Kirkston's cry sent Holly, Colin, and Geoffrey running across the lawn. The valet and remaining footmen moved aside, and Colin and Holly knelt down on either side of the Frenchman.
“Hélène . . . Holly?” Henri de Vere attempted to sit up, but Colin placed a hand on his uninjured shoulder. Holly gasped at the crimson stain spreading all too quickly across the other side of his coat. His head turned toward her, his eyes searching. He stretched out a hand. “Hélène . . .”
“He means you,” he said.
She nodded. “His brother explained it to me.” She shuddered involuntarily. “Or at least he told me a fantastical story about—”
“It is . . . all true.” A bubble of blood formed at the corner of the Frenchman's mouth. “Except in his version . . . I am no doubt . . . the villain.”
Colin gently pressed his shoulder again. “Don't try to speak. Not now.”
“But I must . . . explain. . . . There is . . . more.”
Holly's eagerness must have shown on her face, for Colin met her gaze and gave a nearly imperceptible shake of his head.
“Later,” she said to Henri, “after the physician has seen you.”
The two footmen had retreated to the house. Now they reappeared, carrying between them a door that had been taken off its hinges. One also had a blanket slung over his shoulder. When they reached Henri, they placed the door on the ground beside him, covered it with the blanket, and eased the man onto the surface. As steady as they could, they struggled back to their feet and carried de Vere inside.

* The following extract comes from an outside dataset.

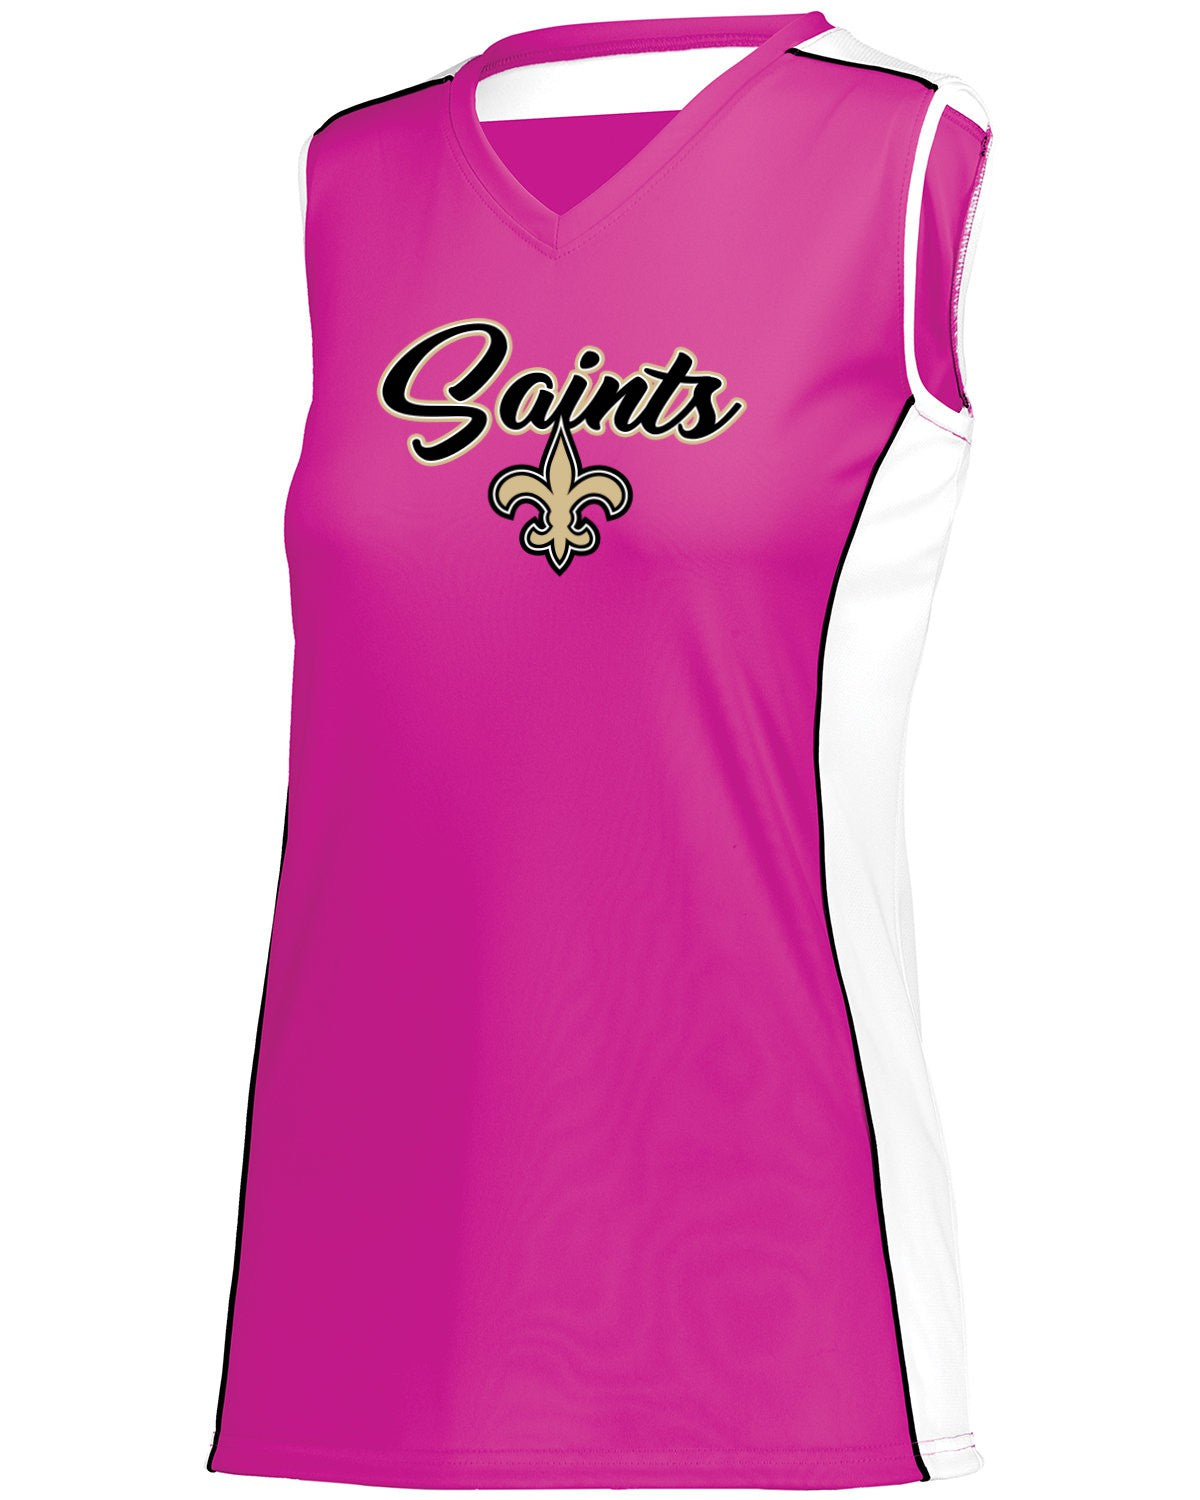 new orleans saints basketball jersey

A carriage came rumbling up the drive.
Holly shaded her eyes with her hand. “The physician is here already?”
Colin shook his head. “My mother. She's back from Windsor.”
“Good gracious. However will we explain all of this to her?”
Colin wrapped an arm around her and drew her close. “Prudently.”
They walked around to the front steps, where Ivy met them. “What is going on?” she demanded. “I was napping and awakened to the most dreadful clamor. And now I see this gentleman being carried into the house. Why, is it Mr. Verrell?”
For the first time since they'd fallen into each other's arms on the ground near the trees, Holly left Colin's side. She climbed the three or four steps until she stood level with her sister, and threw her arms around her.
Ivy let go a startled laugh. “What is all this?”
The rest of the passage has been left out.